Хватает забот и других, хоть
и с детьми, особенно со старшей дочерью Анфией. Две
меньших уже вышли, а она нет. Вот исполнилось ей 24 года, пересидела в девках. С детства она имела большую страсть к учению, и
отдавал отец её в тамбовскую гимназию. Гимназии кончить ей не пришлось, а
всего-то получилось от Тамбова — запутал Аню студент Яков, сын тамбовского
купца, и втравил её читать бунтарские книжечки, а сам
сел в тюрьму. И эти книжечки Евпатий сжигал у дочери
не раз, а она снова доставала их, уже и без Якова. Она была заглядная
невеста, и собой видна, и приданое большое, но сколько
ни сватались к ней — всем отказывала, а хотела только за Якова. А его и след
простыл. И она — пересиживала, и стала сохнуть, болеть и ныть, — и что теперь с
ней делать?
Правда, в лавке работала
исправно, она-то больше всех и торговала. Старший сын — на земле, теперь
женился, и готовились его отделить, призыву он не подлежал как кормилец.
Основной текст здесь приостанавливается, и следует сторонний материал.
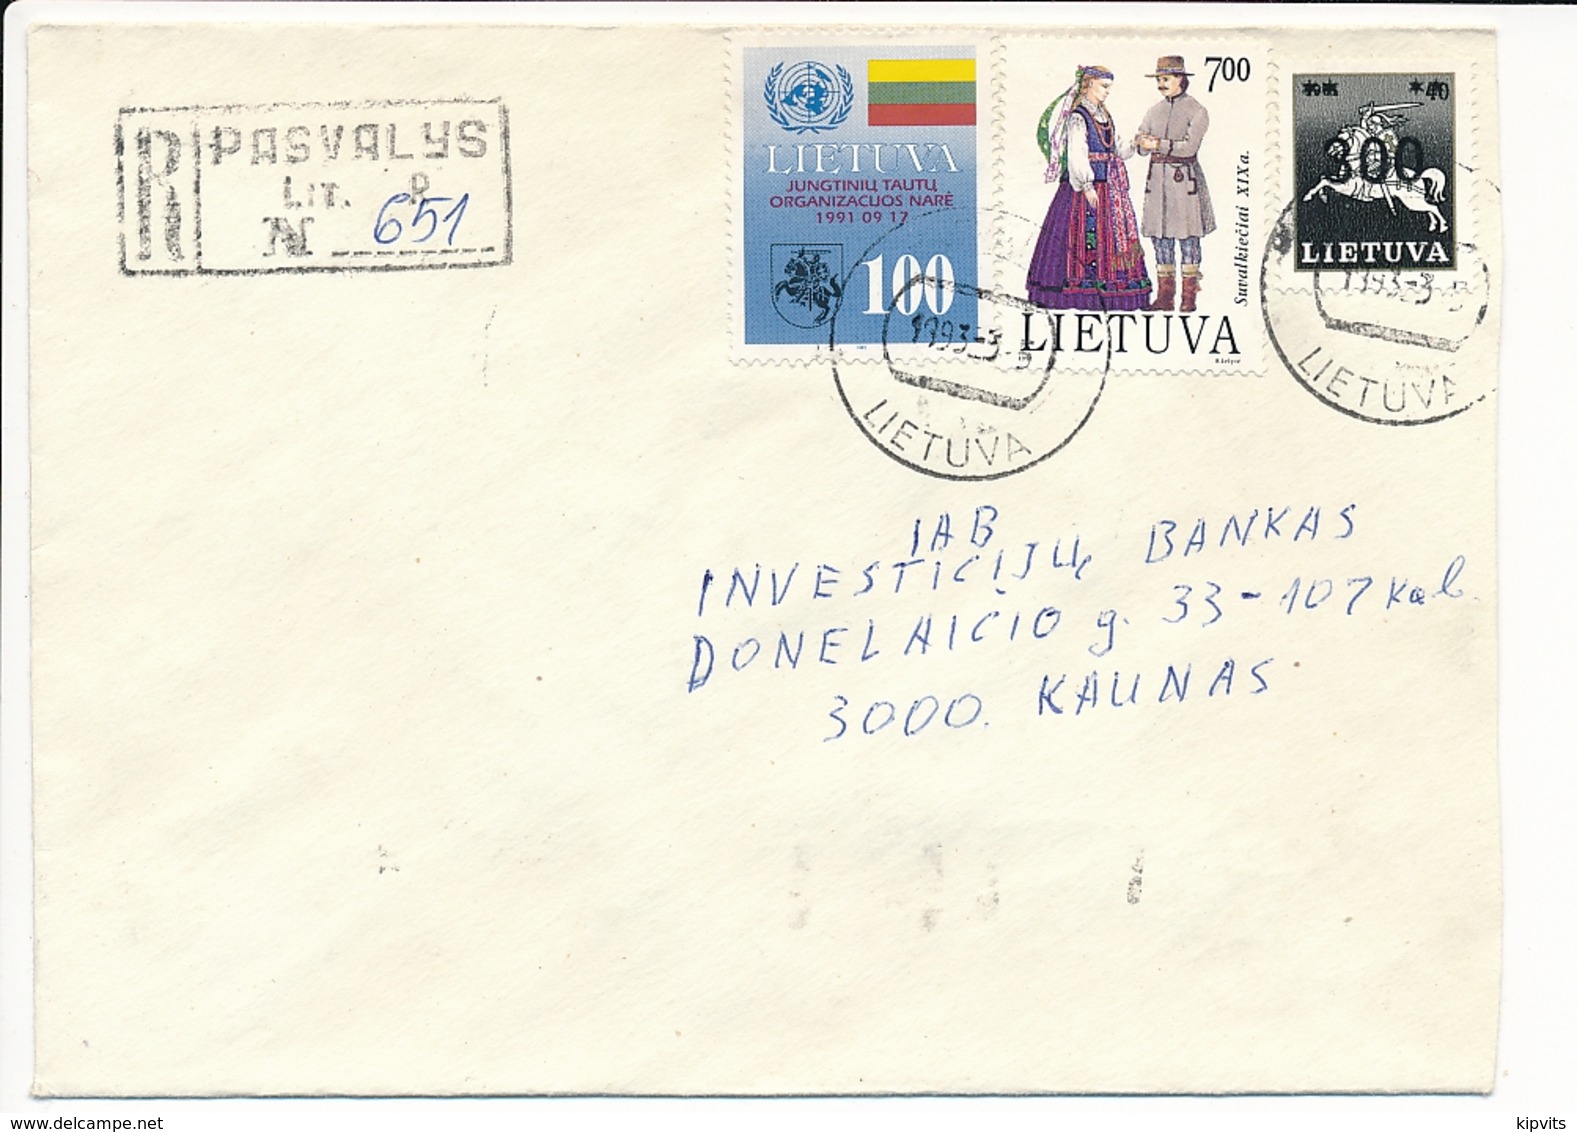 Registered Domestic Cover / Overprint Vytis - 5 March 1993 Pasvalys - Lithuania

Но
младший, Колька, и учиться не хотел, а тянуло его не по возрасту на беспутство. Так и над ним болело
отцовское: вырастил не в дело, как лучше б и не растил. Дети наши — горе
наше.
А Кольке — да, уж так не
сиделось в этой школе! Уж так он тут был покрупнее
всех, даже когда играли в войну, наши против немцев, снежками или палками (и
школьный сторож Фадеич составлял им военные планы,
чтоб завсегда выигрывали русские), — тоже было ему не в охотку, даже стыдно
играть. Он ведь уже состоял в компании Мишки Руля (хотя вот самого Мишку
забрали недавно в армию). А главное — каким кавалером
вырос! Это уже все девки почуяли, и стал он у них в
большой моде: расшумаркали, небось, какой он теперь.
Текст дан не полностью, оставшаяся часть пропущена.